目が覚めて隣に座っていた私に気付いて、もう一度微笑んで、寝起きの掠れた声で私を呼んだ。

「レヴィ…おはよう」

私は視線だけ返して何も言わなかった。
リツカはまるで気にせずに、ゆったりした動きでシーツから這い出て来て、私の首に絡み付いて来た。

「私が好きなんでしょう」

しつこい。
私は銃を腰に挟んで、首に引っ付いたままのリツカを横抱きにして立ち上がった。

「リビングか?自分の部屋に行くか?」
「今何時」
「朝の8時だ」
「リビング。みんな起きてる」

金髪の男は起きていないと思うが、リツカの言う“みんな”に彼は入っていないようだった。
リツカを抱えたままリビングに着いたが、“みんな”は居なかった。居たのは長身の女と、リツカお気に入りの男だけだった。
私がリツカをソファーに下ろすと、リビングを入ったとたんに集めていた二人の視線は、散った。

「おはよう、ベル」
「…ああ…おはよう…」

リツカは起きた時の微笑みをそのままに、男に挨拶をした。

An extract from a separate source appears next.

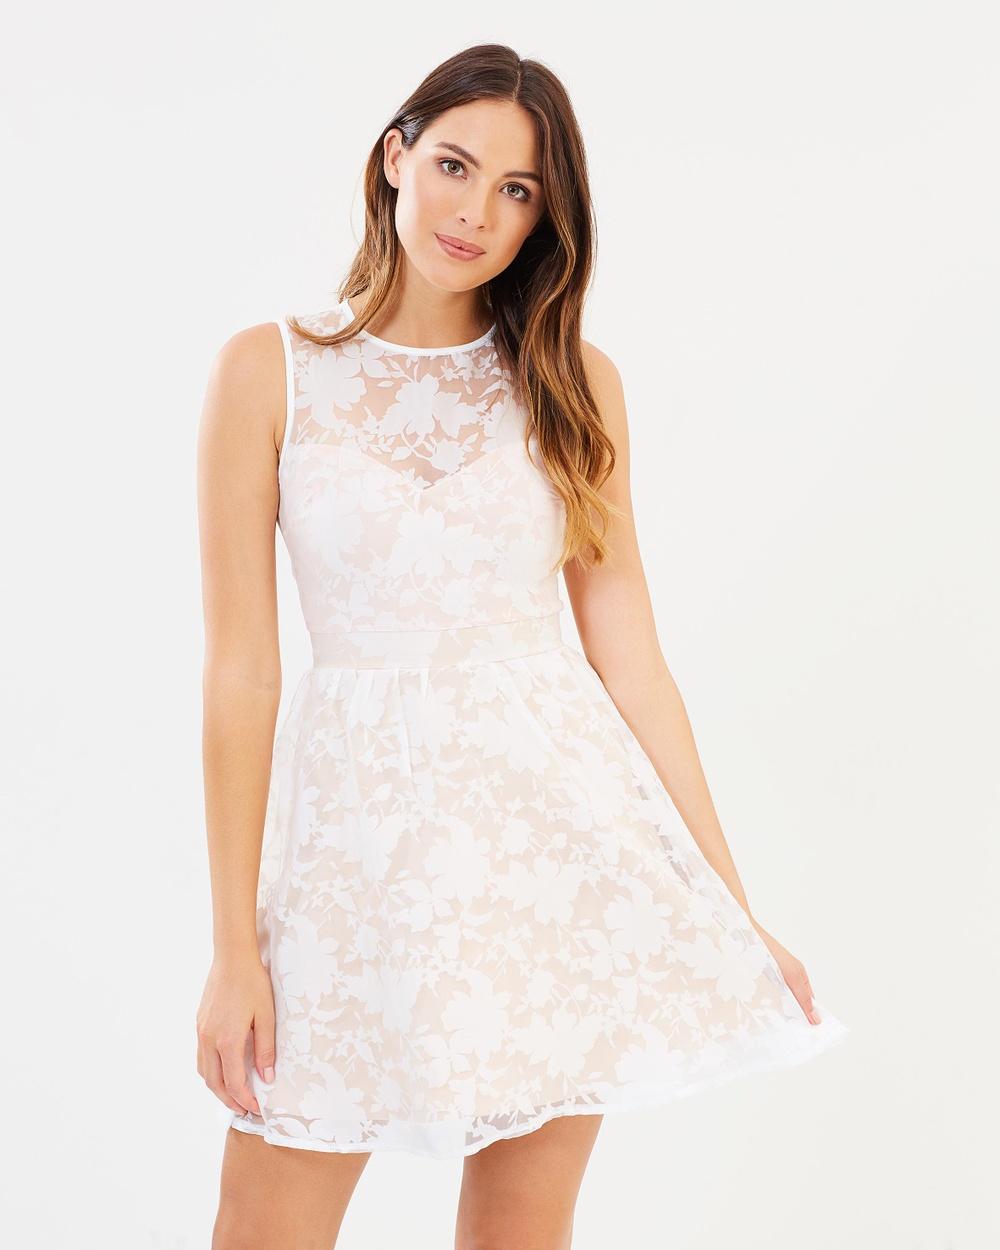 Lipsy Burnout Skirt Dress Dresses Nude Burnout Skirt Dress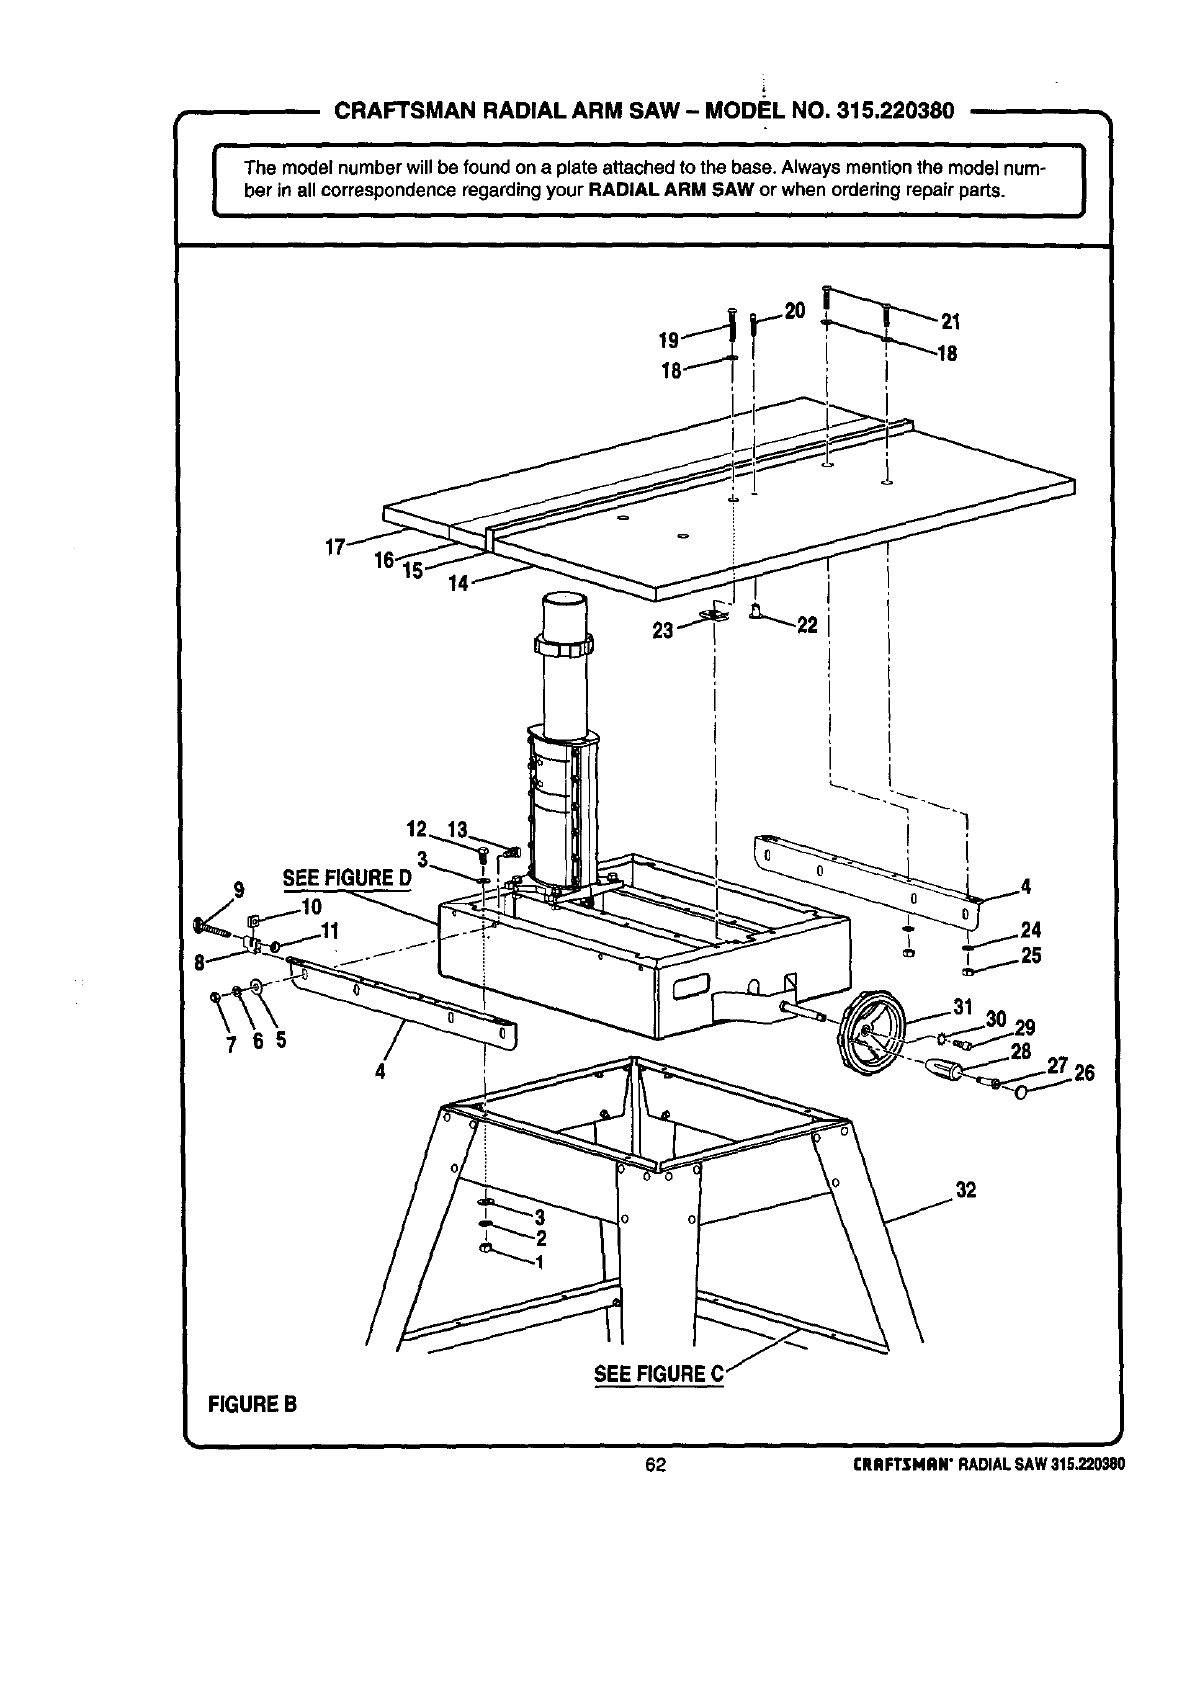 Craftsman 315220380 User Manual 10 IN. STATIONARY RADIAL

男はその笑顔に緊張しているように、言葉が濁った。

「ベルは私が好きなの」
「…は…え?」
「好きなの?」

普段抑揚のないリツカのしゃべり方に、柔らかいリズムがついて、その語尾に合わせてリツカは首を傾げた。
この男が赤面する姿を、私は初めて見た。リツカはクスクス笑った。
リツカは私を振り返って、嬉しそうに笑顔を見せた。

「ベルも私が好き」

男の無言は肯定と捉えられたらしかった。それを喜ぶリツカは、やはりいつもより遥かに機嫌が良かった。
リツカは再び男の方を見た。

「レヴィも私が好きなの、知らなかったでしょう」

私は話題に呆れたので、キッチンにコーヒーを取りに行った。ダイニングにいた女は羨ましそうに二人を見ていた。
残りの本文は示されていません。